Tatu listens on topic “tatu_notifications” for:
- Project creation and deletion events from Keystone.
- To create new CA key pairs or clean up unused ones.
- Role assignment deletion events from Keystone.
- To revoke user SSH certificates that are too permissive.
- VM deletion events from Nova.
- To clean up per-VM bastion and DNS state.
Edit both /etc/keystone/keystone.conf and /etc/nova/nova.conf as follows:
[oslo_messaging_notifications]
topics = notifications,tatu_notifications
Now launch Tatu’s notification listener daemon:
python tatu/notifications.py
At first launch you should see debug messages indicating that CA key pairs are being created for all existing projects.
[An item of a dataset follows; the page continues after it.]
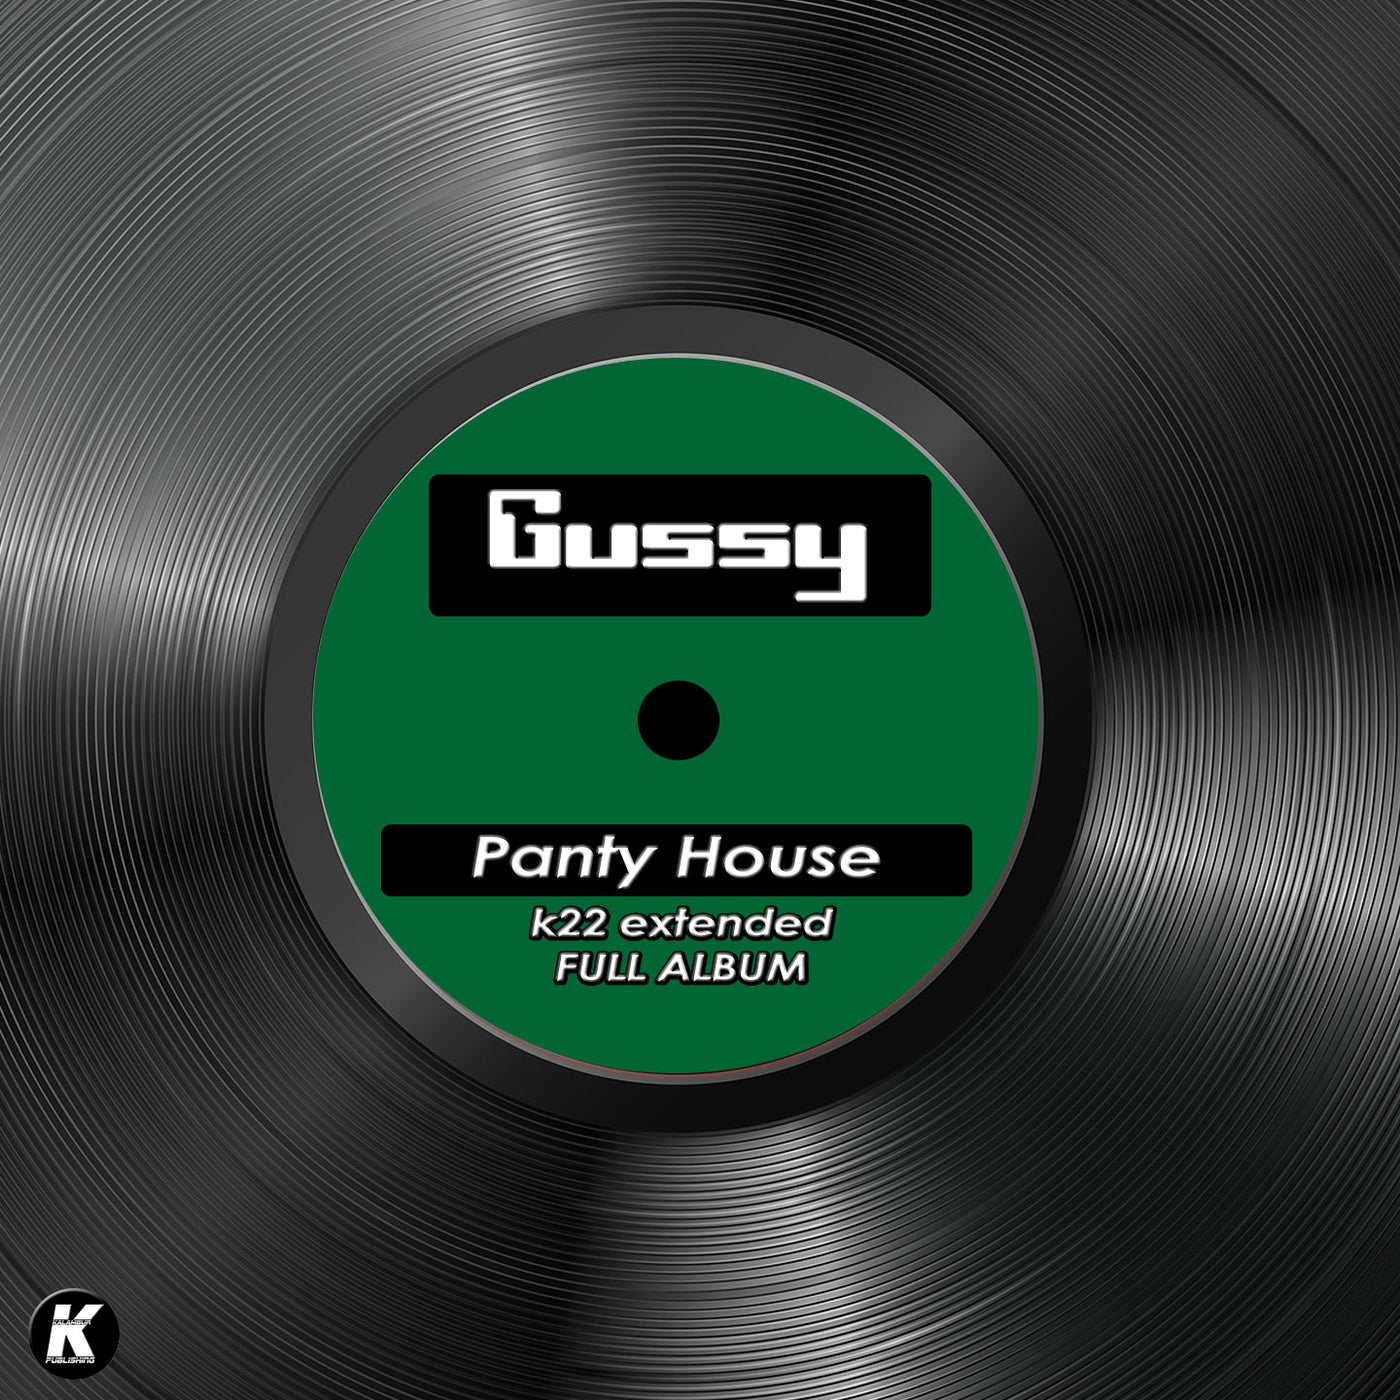 PANTY HOUSE k22 extended full album

Prepare /etc/tatu/paste.ini
cd tatu
mkdir /etc/tatu
cp files/paste.ini /etc/tatu/
paste.ini should only need these modifications:
- Host (address the daemon will listen on)
- Port (port the daemon will listen on)
Launch Tatu’s API daemon
Tatu’s API daemon needs both tatu.conf and paste.ini. We can launch it now.
I have done all my testing with Pylons (no good reason, I’m new to wsgi frameworks):
pip install pylons
pserve files/paste.ini
Note the API serves /noauth/hostcerts and /noauth/revokeduserkeys without authorization (so that newly bootstrapped servers can access get their certificates and the list of revoked keys).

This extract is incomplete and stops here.